INPUT =
========================

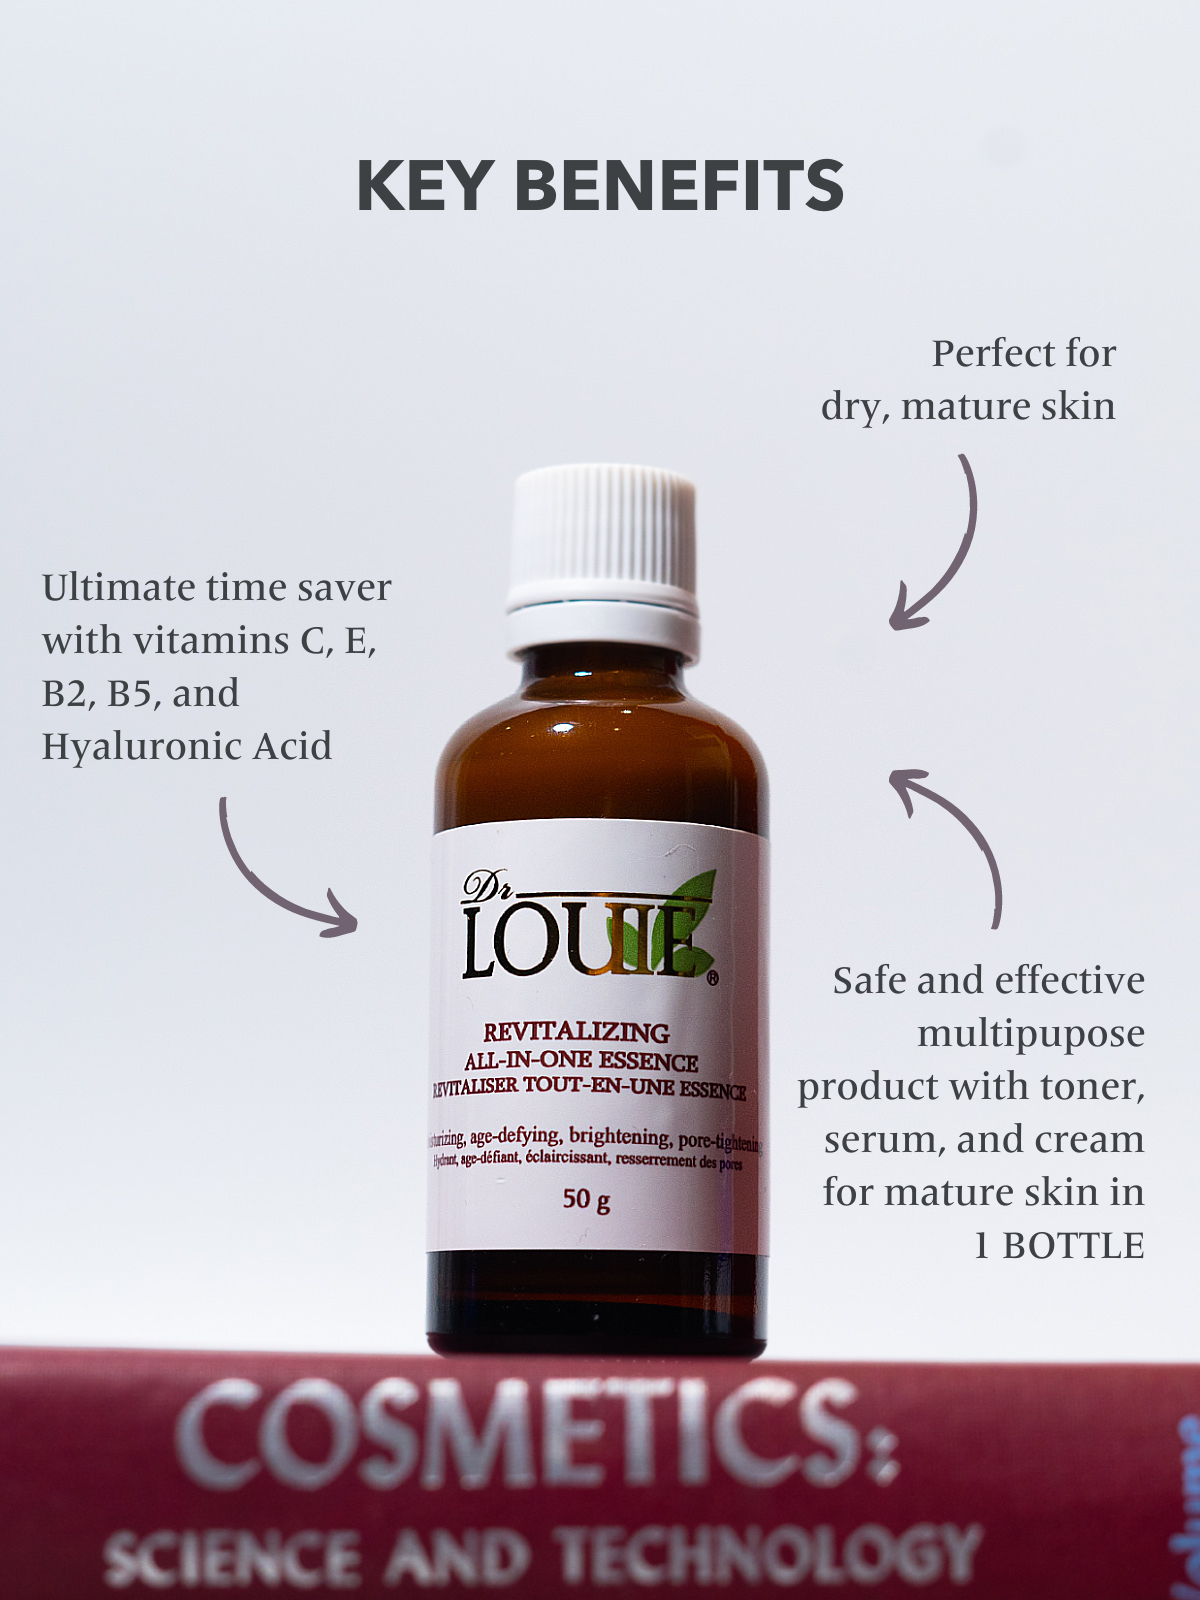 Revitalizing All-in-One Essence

========================

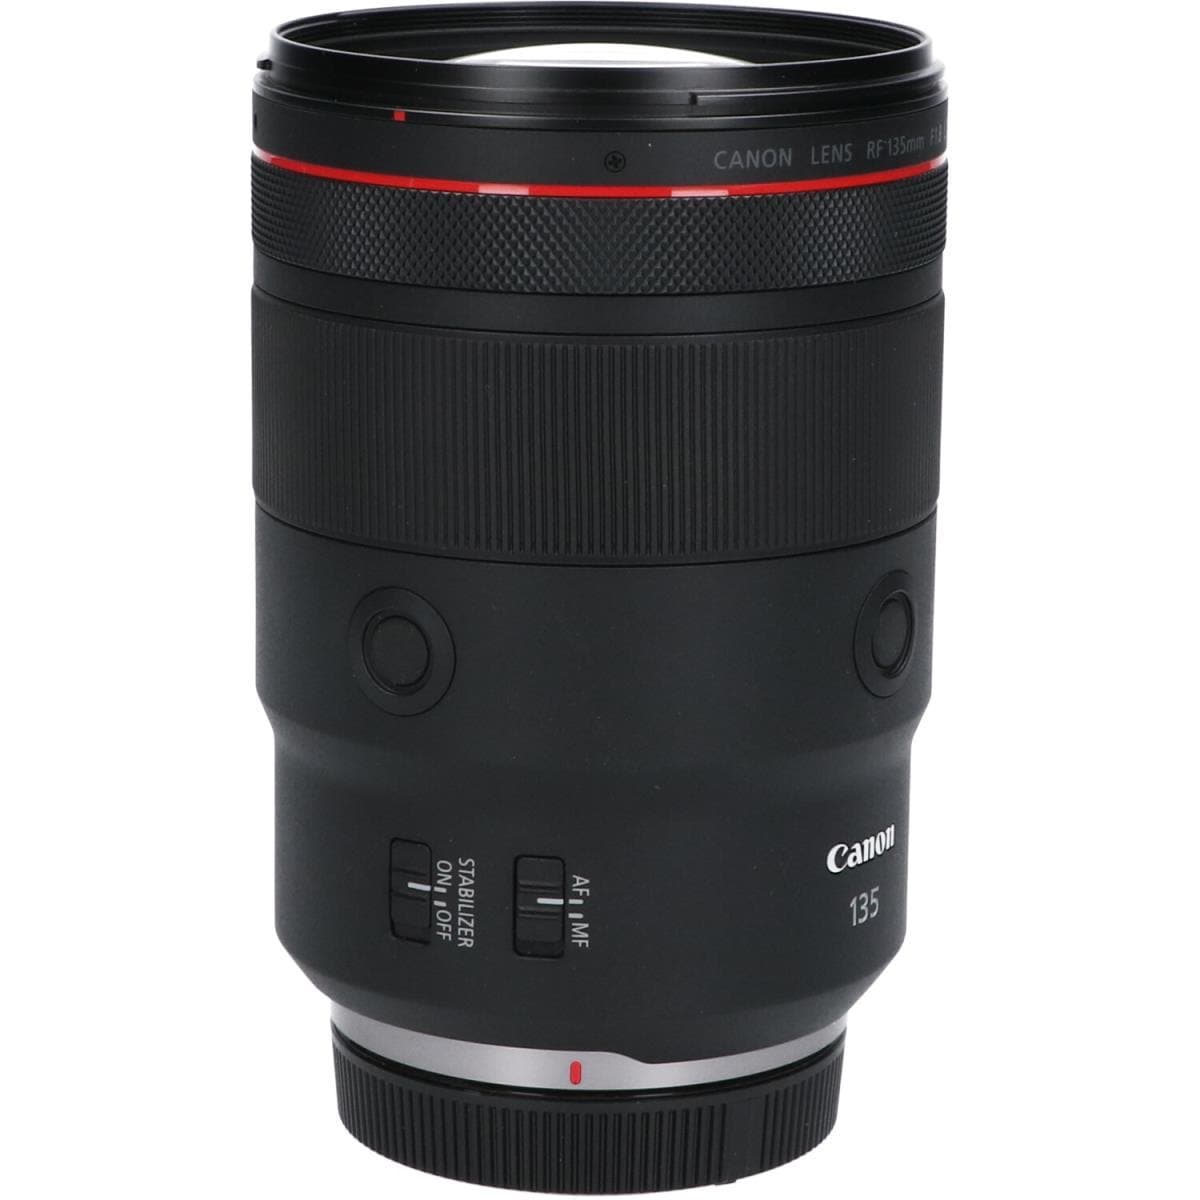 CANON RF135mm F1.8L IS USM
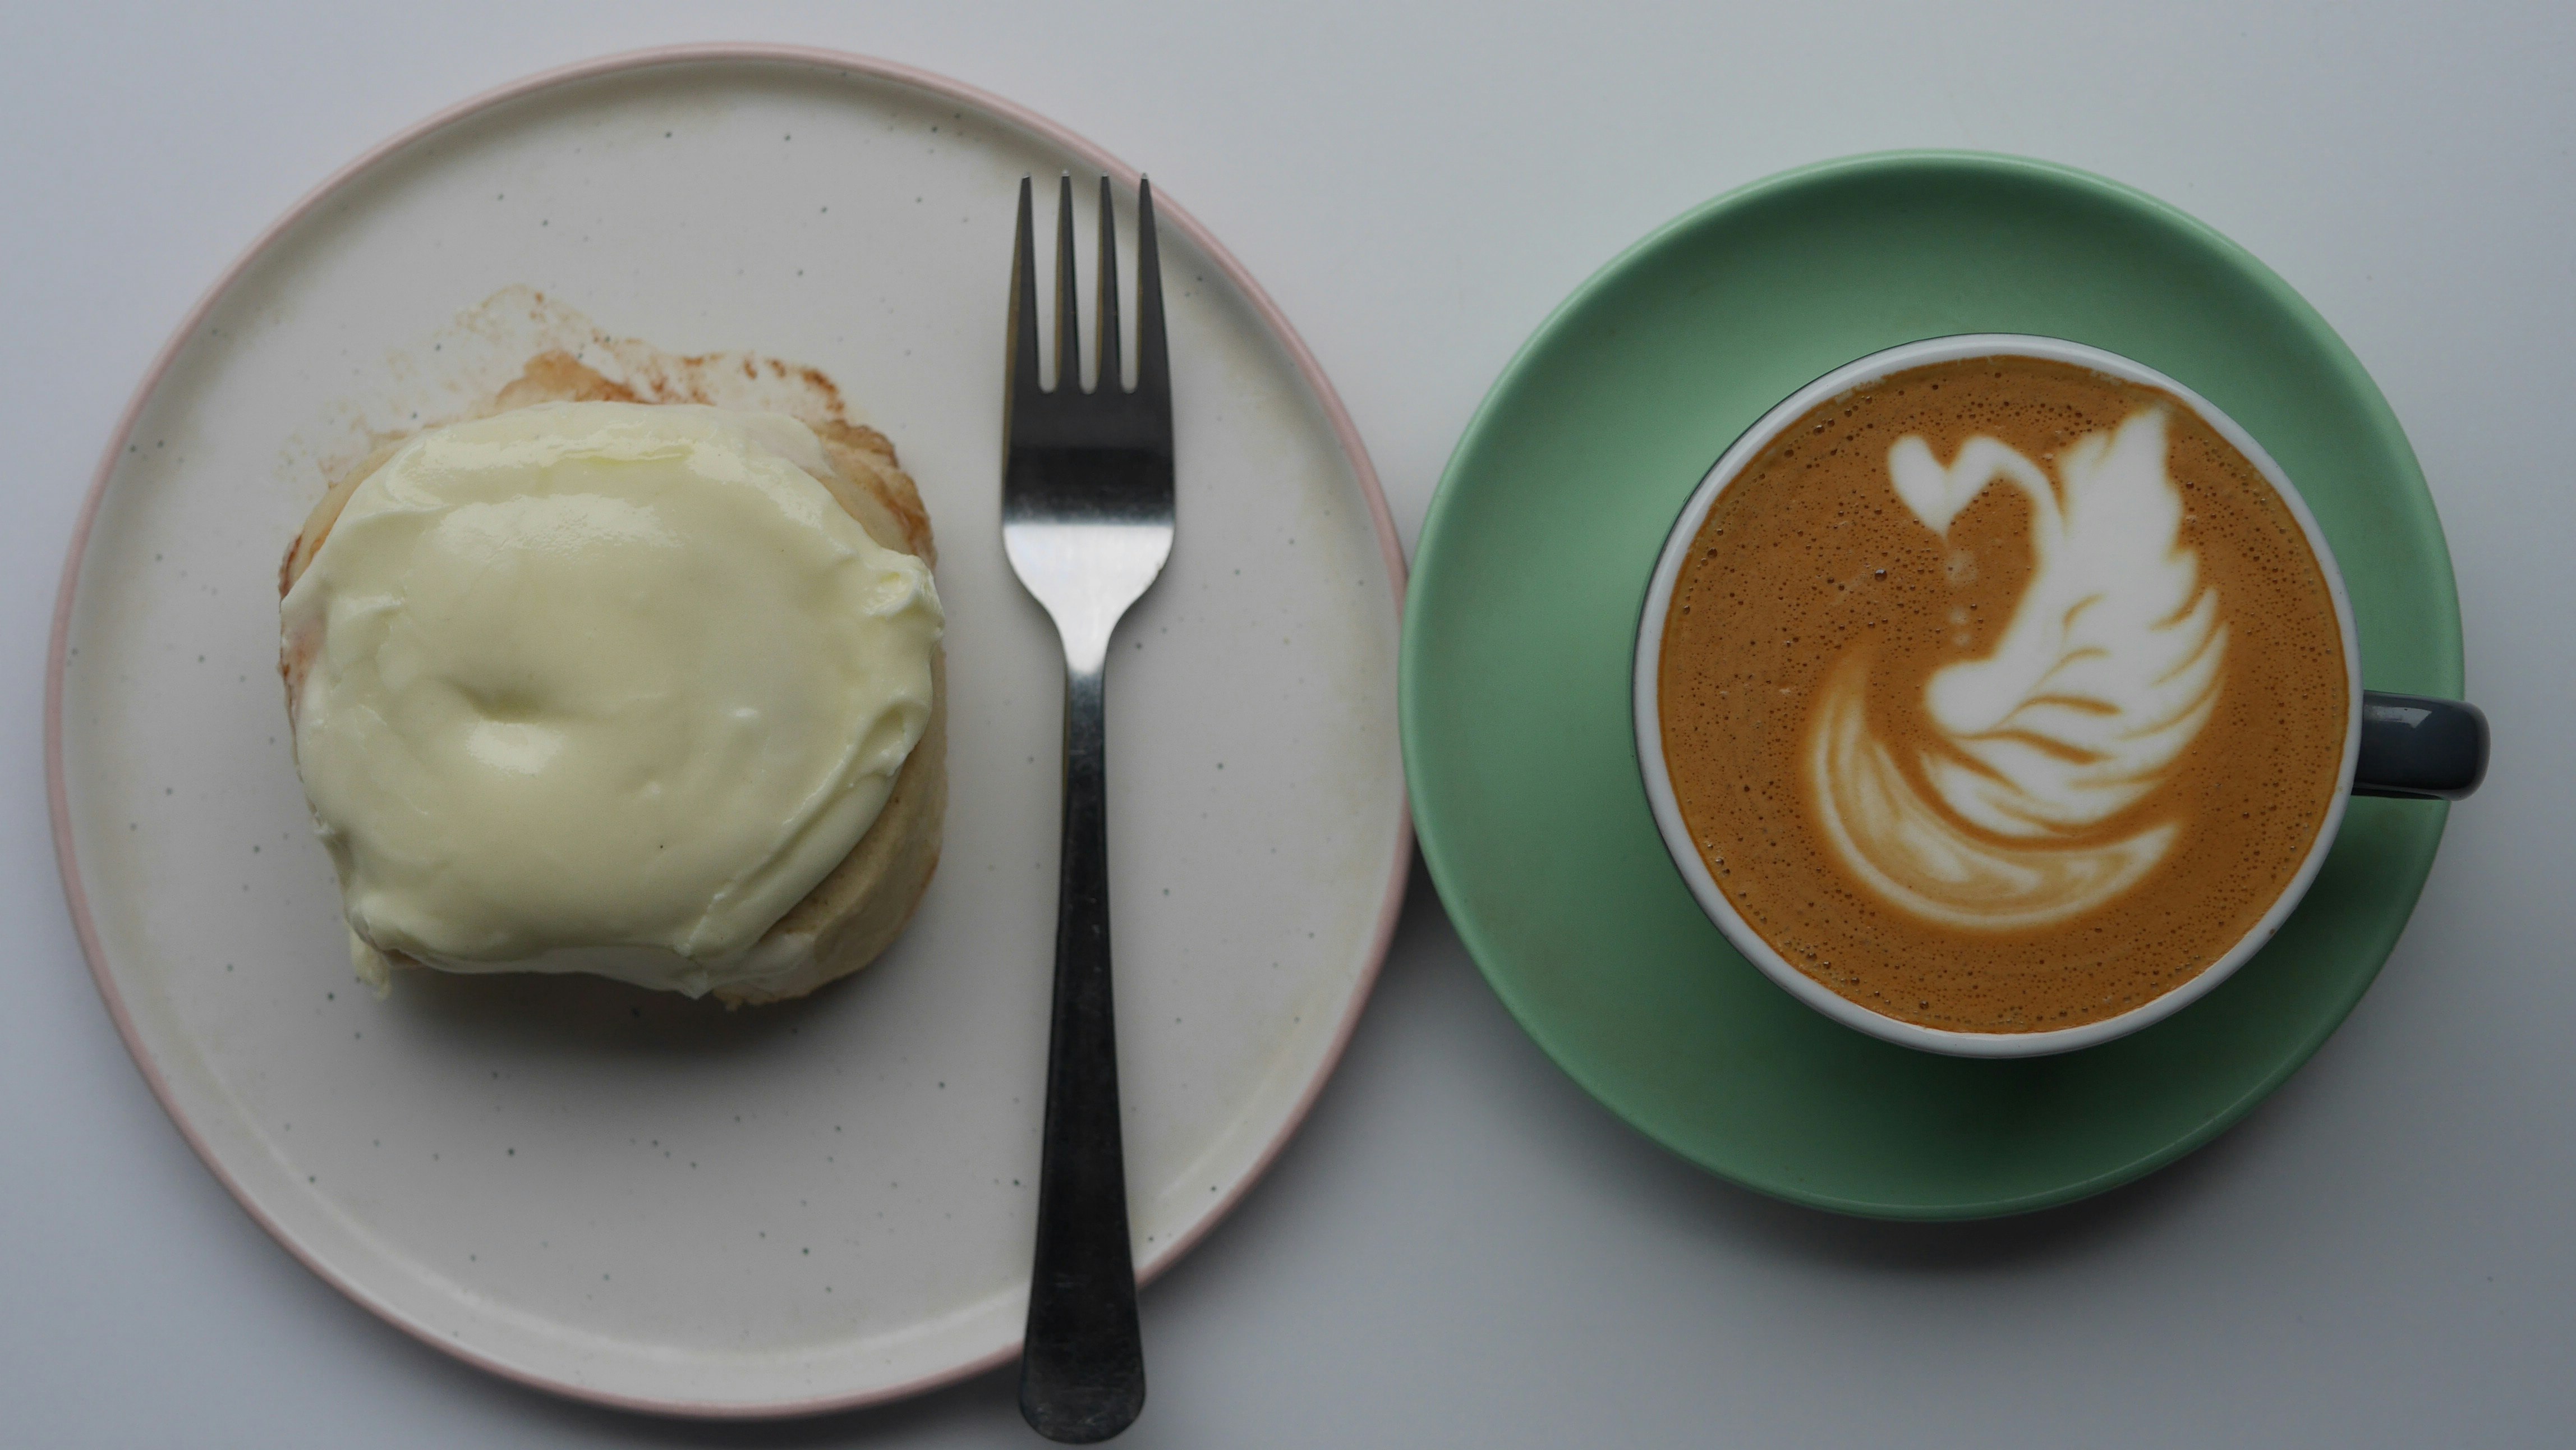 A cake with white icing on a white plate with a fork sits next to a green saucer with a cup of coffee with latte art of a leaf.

========================

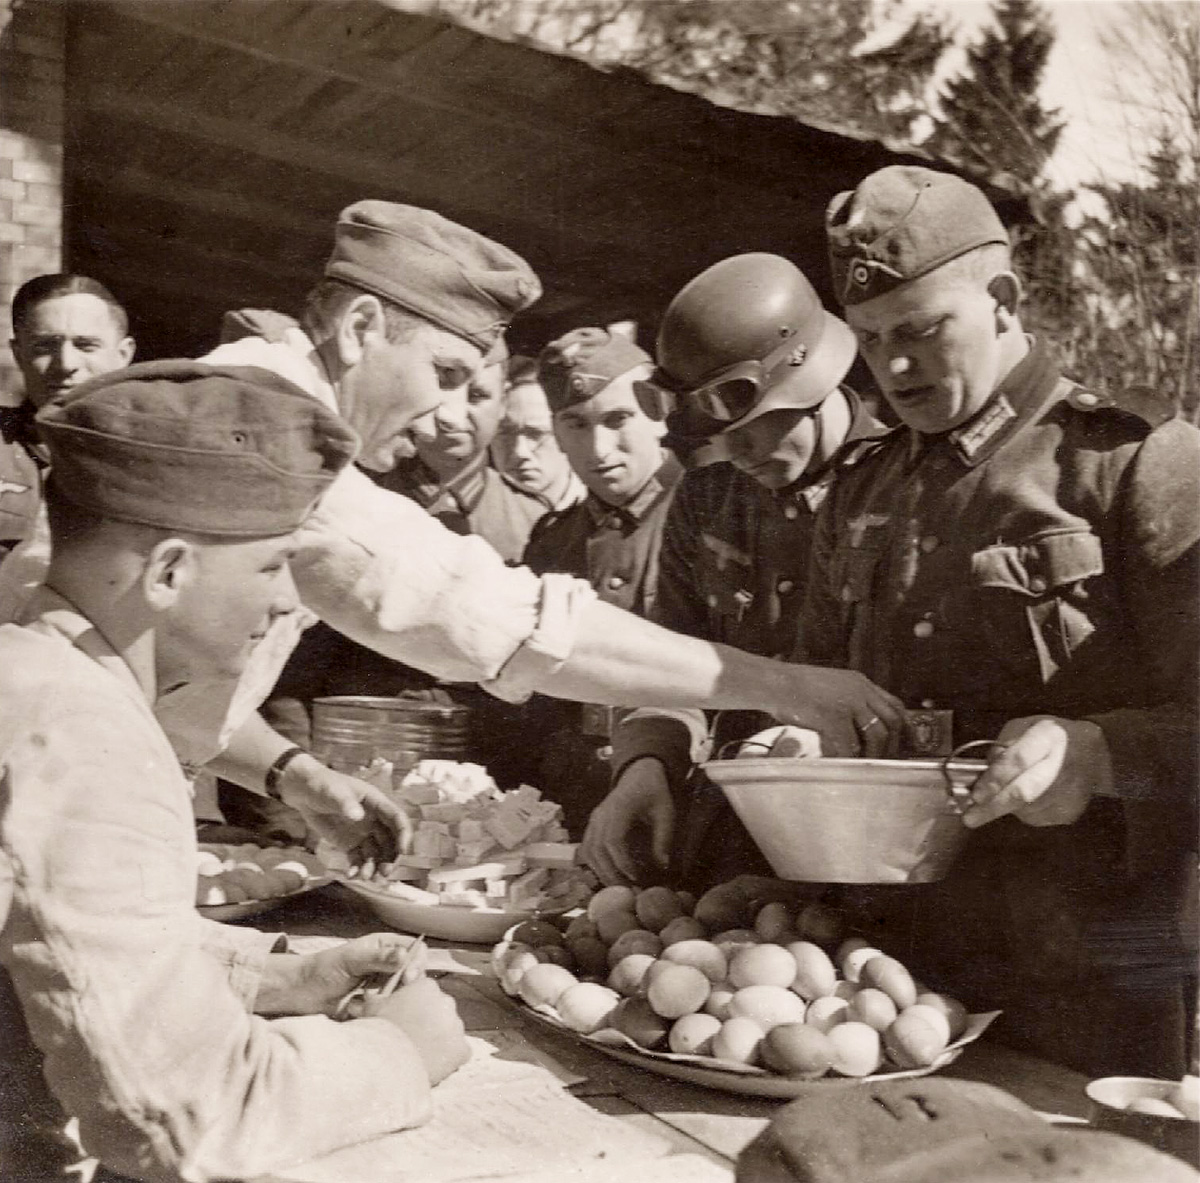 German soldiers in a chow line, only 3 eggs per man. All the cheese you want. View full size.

========================

After locating the line containing "CANON RF135mm F1.8L IS USM" in the entries above, return it and every line after it exactly, ending at the line containing "A cake with", without pictures.

 CANON RF135mm F1.8L IS USM
 A cake with white icing on a white plate with a fork sits next to a green saucer with a cup of coffee with latte art of a leaf.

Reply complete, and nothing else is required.